What you will do.
Beginning with the first line, transcribe the entries below exactly through the line containing "Water lilies float on the pond", inclusive.

(Supplied records begins)

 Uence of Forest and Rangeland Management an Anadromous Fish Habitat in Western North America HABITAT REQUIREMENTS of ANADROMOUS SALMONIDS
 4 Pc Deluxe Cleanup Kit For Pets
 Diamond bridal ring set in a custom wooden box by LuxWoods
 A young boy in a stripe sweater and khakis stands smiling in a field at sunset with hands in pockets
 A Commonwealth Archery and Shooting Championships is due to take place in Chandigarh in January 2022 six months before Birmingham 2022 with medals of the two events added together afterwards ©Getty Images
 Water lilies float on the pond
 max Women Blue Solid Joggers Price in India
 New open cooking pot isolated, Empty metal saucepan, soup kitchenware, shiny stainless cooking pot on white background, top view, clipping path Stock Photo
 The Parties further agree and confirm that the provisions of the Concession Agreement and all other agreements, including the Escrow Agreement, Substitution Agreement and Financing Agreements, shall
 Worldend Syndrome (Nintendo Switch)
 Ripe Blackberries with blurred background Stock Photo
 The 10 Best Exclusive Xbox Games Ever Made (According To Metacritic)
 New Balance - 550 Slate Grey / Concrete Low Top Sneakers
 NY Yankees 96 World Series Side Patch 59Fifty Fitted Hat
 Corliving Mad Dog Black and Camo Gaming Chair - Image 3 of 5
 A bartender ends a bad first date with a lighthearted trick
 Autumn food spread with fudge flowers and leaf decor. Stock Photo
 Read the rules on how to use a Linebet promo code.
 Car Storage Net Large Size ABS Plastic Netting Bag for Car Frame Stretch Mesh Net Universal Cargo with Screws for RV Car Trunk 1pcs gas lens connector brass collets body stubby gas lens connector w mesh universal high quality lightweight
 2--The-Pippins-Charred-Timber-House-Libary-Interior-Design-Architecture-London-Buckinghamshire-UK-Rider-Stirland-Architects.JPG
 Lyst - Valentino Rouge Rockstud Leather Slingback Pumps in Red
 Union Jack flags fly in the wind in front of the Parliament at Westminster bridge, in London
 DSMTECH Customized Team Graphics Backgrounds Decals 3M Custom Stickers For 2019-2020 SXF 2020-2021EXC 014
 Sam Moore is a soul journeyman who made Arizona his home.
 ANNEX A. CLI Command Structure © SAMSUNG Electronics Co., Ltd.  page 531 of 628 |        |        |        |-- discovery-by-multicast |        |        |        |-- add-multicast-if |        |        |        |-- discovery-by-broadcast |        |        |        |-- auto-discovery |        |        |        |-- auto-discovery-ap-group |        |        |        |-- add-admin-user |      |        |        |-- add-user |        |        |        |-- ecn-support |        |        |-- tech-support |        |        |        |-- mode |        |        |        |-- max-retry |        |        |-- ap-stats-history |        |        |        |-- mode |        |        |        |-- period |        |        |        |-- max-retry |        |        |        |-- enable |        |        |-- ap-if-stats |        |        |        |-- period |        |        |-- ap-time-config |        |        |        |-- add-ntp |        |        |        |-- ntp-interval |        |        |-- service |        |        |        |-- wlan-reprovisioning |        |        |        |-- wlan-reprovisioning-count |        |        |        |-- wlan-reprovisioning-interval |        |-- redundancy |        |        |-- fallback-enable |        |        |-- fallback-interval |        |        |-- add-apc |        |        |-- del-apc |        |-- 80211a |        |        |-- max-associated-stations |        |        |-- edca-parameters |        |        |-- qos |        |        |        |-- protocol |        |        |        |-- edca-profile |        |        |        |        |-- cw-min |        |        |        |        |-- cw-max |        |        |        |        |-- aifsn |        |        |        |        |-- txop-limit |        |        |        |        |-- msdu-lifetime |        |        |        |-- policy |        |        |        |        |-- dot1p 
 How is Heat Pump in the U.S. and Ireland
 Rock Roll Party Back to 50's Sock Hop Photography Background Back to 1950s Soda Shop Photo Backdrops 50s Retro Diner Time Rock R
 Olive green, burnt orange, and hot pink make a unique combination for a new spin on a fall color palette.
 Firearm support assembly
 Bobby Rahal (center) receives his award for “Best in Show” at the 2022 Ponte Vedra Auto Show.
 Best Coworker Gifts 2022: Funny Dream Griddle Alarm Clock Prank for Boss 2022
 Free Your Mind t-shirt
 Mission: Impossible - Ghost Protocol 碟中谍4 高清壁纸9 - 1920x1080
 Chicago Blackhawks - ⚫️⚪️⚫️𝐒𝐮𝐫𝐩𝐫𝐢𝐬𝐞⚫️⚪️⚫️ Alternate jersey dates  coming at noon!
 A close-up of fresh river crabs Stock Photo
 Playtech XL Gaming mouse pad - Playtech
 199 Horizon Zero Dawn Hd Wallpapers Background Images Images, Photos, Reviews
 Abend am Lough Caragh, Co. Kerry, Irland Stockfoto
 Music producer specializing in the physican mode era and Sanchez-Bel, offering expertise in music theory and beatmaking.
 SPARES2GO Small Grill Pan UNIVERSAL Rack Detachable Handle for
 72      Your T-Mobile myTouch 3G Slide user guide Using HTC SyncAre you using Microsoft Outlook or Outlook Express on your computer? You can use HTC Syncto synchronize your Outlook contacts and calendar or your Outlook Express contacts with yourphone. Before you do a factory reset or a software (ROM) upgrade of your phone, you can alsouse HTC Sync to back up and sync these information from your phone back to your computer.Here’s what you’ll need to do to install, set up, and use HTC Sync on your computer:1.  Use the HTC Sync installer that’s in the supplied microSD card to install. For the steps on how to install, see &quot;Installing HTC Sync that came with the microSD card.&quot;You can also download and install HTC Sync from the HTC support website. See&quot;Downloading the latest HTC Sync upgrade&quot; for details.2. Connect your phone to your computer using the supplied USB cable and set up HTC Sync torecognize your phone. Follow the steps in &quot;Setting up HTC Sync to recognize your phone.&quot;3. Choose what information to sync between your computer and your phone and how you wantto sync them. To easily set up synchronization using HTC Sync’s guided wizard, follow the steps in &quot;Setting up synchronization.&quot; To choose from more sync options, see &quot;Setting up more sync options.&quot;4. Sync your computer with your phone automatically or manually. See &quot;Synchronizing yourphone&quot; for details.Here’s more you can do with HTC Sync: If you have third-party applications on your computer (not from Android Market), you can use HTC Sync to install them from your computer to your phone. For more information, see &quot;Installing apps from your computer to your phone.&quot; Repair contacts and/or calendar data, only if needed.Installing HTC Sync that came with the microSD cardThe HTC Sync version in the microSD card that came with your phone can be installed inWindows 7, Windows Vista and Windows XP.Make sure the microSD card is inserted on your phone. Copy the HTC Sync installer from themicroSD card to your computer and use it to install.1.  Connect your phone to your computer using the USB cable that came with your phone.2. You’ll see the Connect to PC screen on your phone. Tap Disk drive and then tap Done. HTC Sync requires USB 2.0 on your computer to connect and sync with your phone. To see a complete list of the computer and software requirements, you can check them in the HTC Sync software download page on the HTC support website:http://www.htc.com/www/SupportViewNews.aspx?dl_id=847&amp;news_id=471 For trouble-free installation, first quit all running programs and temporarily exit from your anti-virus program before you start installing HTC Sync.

(Supplied records ends)

Answer section.
 Uence of Forest and Rangeland Management an Anadromous Fish Habitat in Western North America HABITAT REQUIREMENTS of ANADROMOUS SALMONIDS
 4 Pc Deluxe Cleanup Kit For Pets
 Diamond bridal ring set in a custom wooden box by LuxWoods
 A young boy in a stripe sweater and khakis stands smiling in a field at sunset with hands in pockets
 A Commonwealth Archery and Shooting Championships is due to take place in Chandigarh in January 2022 six months before Birmingham 2022 with medals of the two events added together afterwards ©Getty Images
 Water lilies float on the pond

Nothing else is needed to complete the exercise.